DOC Data is a powerful environment for structuring data and generating analysis from full-text clinical studies and other epidemiology sources. DOC Data enables finger-tip ready review and analysis of data. The methodologies incorporated into the DOC Data platform meet the highest global evidence-based medicine standards and practices. Data analytics are directly integrated into the R Project for Statistical Computing modules so there is no denigration tied to data portability issues. The centralization and structuring of clinical data into a single, quality-controlled data hub and networked repository streamlines access and integration into an organization’s best-practices workflows.

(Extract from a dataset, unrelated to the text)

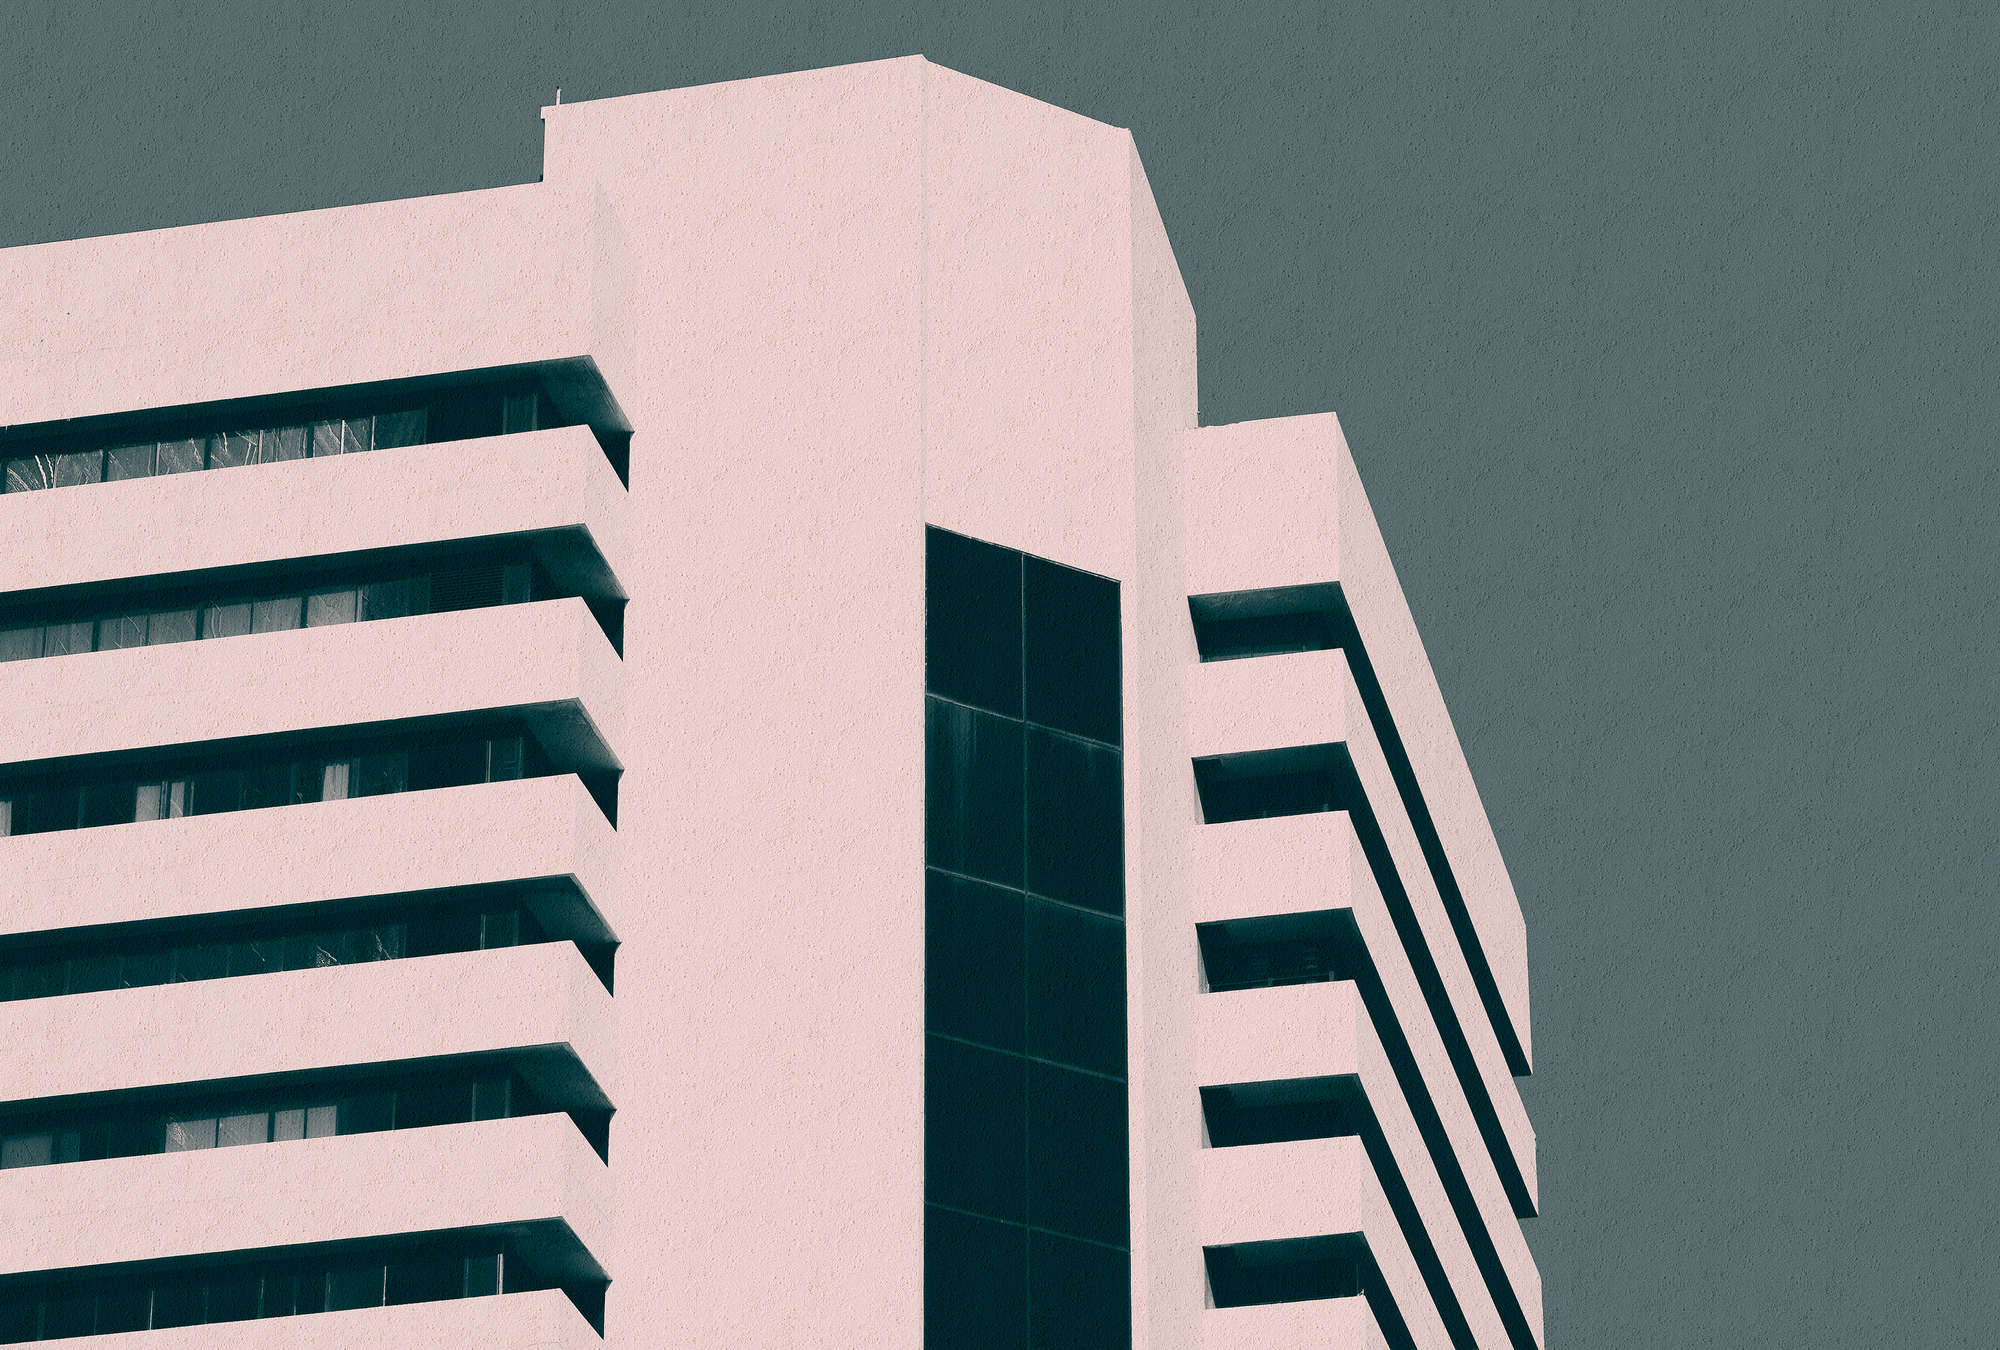             Wolkenkrabber 2 - Digital behang met moderne stadsarchitectuur - Raupuz structuur - Groen, Roze | Pearl glad vlies

Each DOC Data project is developed using Doctor Evidence's proprietary DOC—Digital Outcome Conversion—data extraction process, in which data from full-text articles are curated and organized into highly structured data sets. DOC Data includes a powerful term ontology management system—DOC OS—that enables versatility to various users of clinical data regarding the management of medical terms. DOC OS uses advanced machine learning principles that delivers agility to multiple users to perform specific analysis with linked traceability back to the original source document. The system has a multilayered ontology learning structure to tokenize term associations at various levels: the enterprise, departments, geographies, functions, or user id.
DOC Data outputs encompass three main features:
- Study Summaries. View critical data points, tables and figures from a study in a single convenient webpage.
- Table and Chart Wizard Tools. Summarize key information from multiple studies into summary and table analysis.
- Analysis. Create meta-analyses, Bayesian and other EBM analysis on multiple outcomes in minutes; supplement existing direct data or create new analyses using indirect comparisons of two interventions with a common comparator.